Re-exported goods also grew by JD633.7 million by approximately 5.5 per cent compared with the same period of 2017.

Jordan’s imports of vehicles and spare parts dropped by 26 per cent, according to the report.

Imports from Saudi Arabia increased by 39 per cent during the first nine months of the year, while exports to the neighbouring kingdom decreased by 16 per cent.

Textile and garments topped Jordan’s exports with a 13.2 per cent growth rate, followed by potash at 13.8 per cent and fertilisers at 24 per cent, the DoS report said.

Exports to countries of the free trade agreement with North America grew by 11 per cent to a total of JD972 million, while exports to countries of the Arab free trade zone dropped by 4.4 per cent to JD1.4 billion.

Jordan’s exports to the US increased by 10.7 per cent, whereas exports to EU countries grew by 18 per cent in the first nine months of 2018.

The hike in international crude oil prices has driven oil import costs up almost by 50 per cent, economist Zayyan Zawane told The Jordan Times.

Domestically, the drop in purchasing power has driven demand on imported vehicles down, he said, citing a previous report on Jordanian household incomes.

According to Zawane, Jordanian households expend nearly 40 per cent of their income on water bills, electricity and transportation.

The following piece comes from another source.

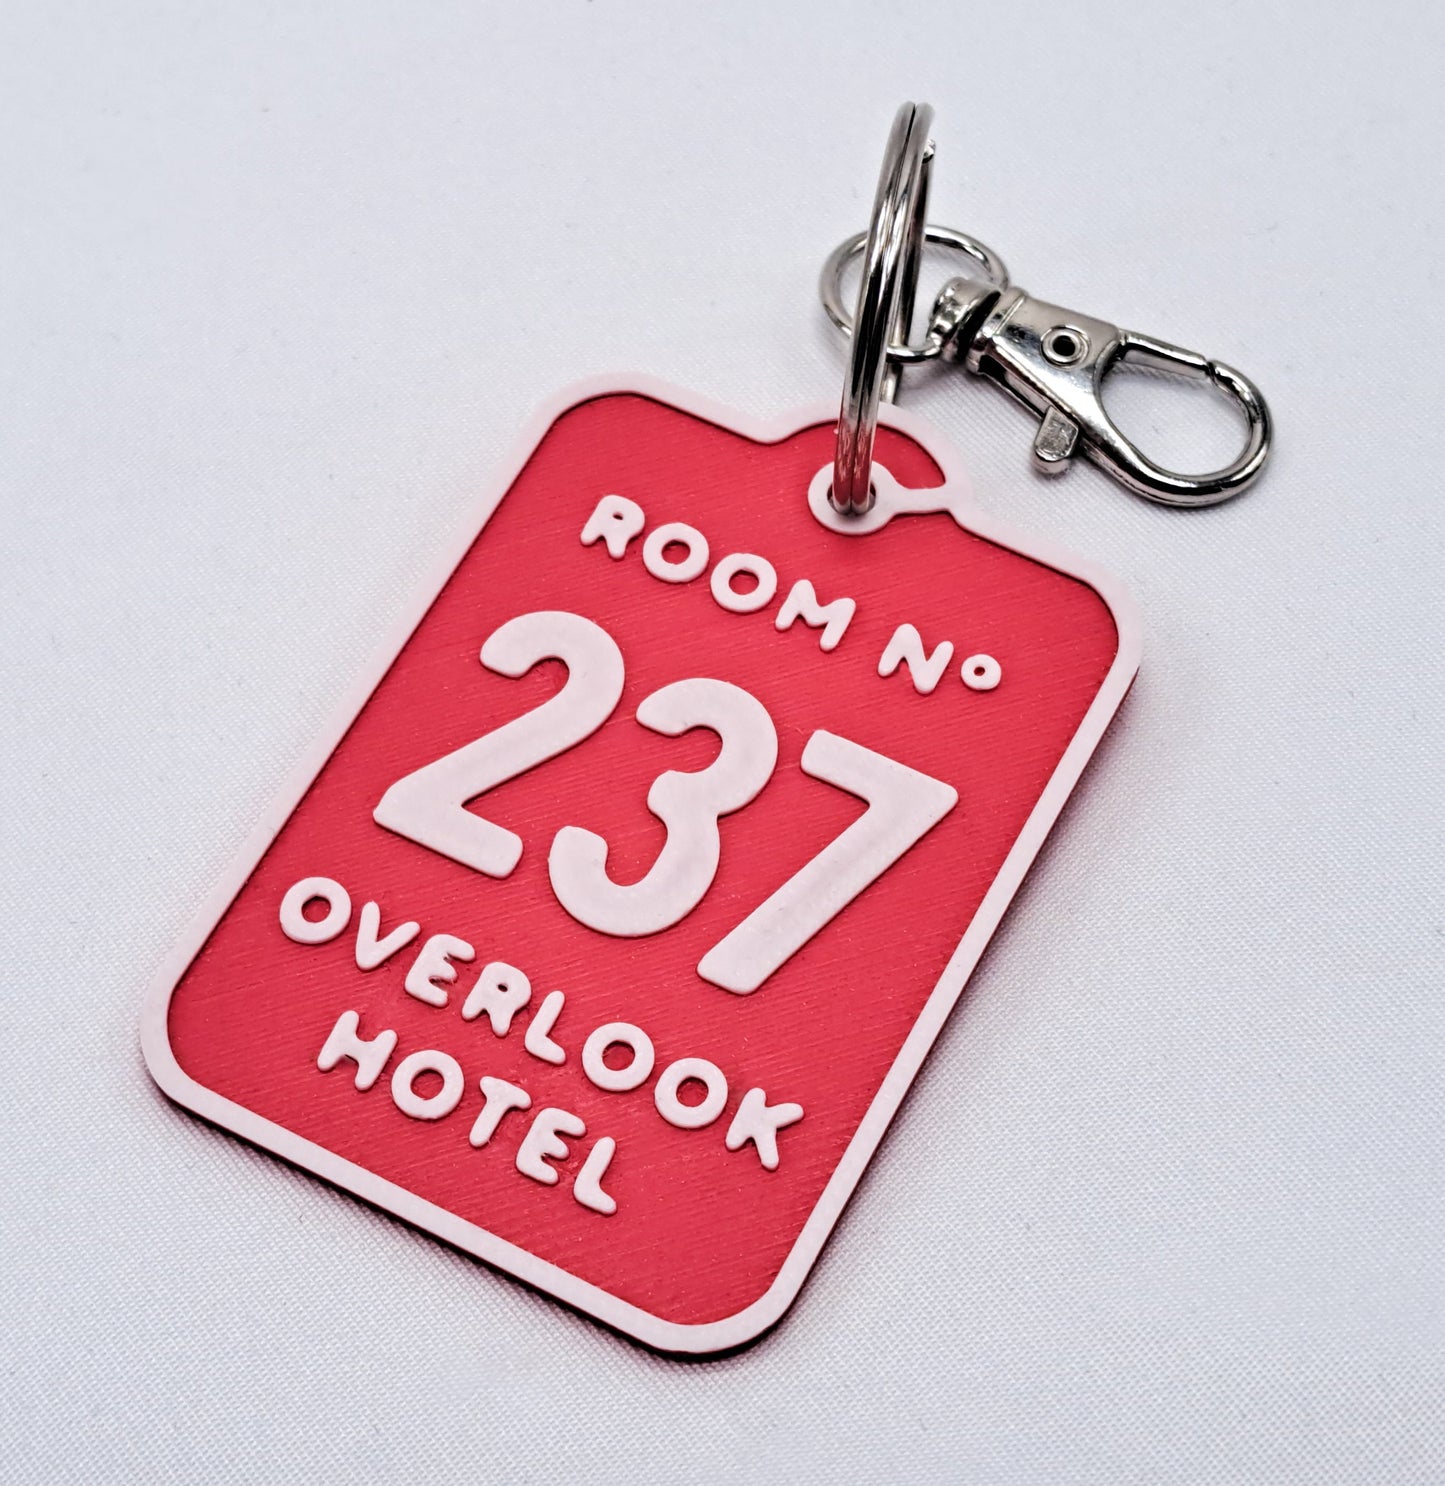 The Shining Overlook Hotel Room 237 Inspired Keychain

To mitigate and reduce power costs, the government should turn towards alternative energy sources that are more cost-effective and sustainable, Wajdi Makhamreh said.

"Importing crude oil drains hard currency and exhausts the national treasury, which necessitates increasing the contribution of renewable energy to the national energy mix," he said.

All relevant legislation and regulations should be redirected to facilitate and accelerate the development of the renewable energy sector, he added.

On the trade balance deficit, Al Ghad daily economy columnist Yousef Damra said that foreign trade is highly susceptible to external factors such as border closures and regional turmoil.

"Jordan currently imports around 95 per cent of its needs of oil. The costs of importing oil are hiking. Fluctuation prices of crude oil do not help Jordan’s sensitive economic situation. Renewable energy is integral to addressing the skyrocketing oil bill in the face of global and regional challenges," Damra said.

The government, according to Damra, is required to revisit its trade ties with some of its trade partners to realise better, more mutually beneficial trade terms for more sustainable and balanced partnerships.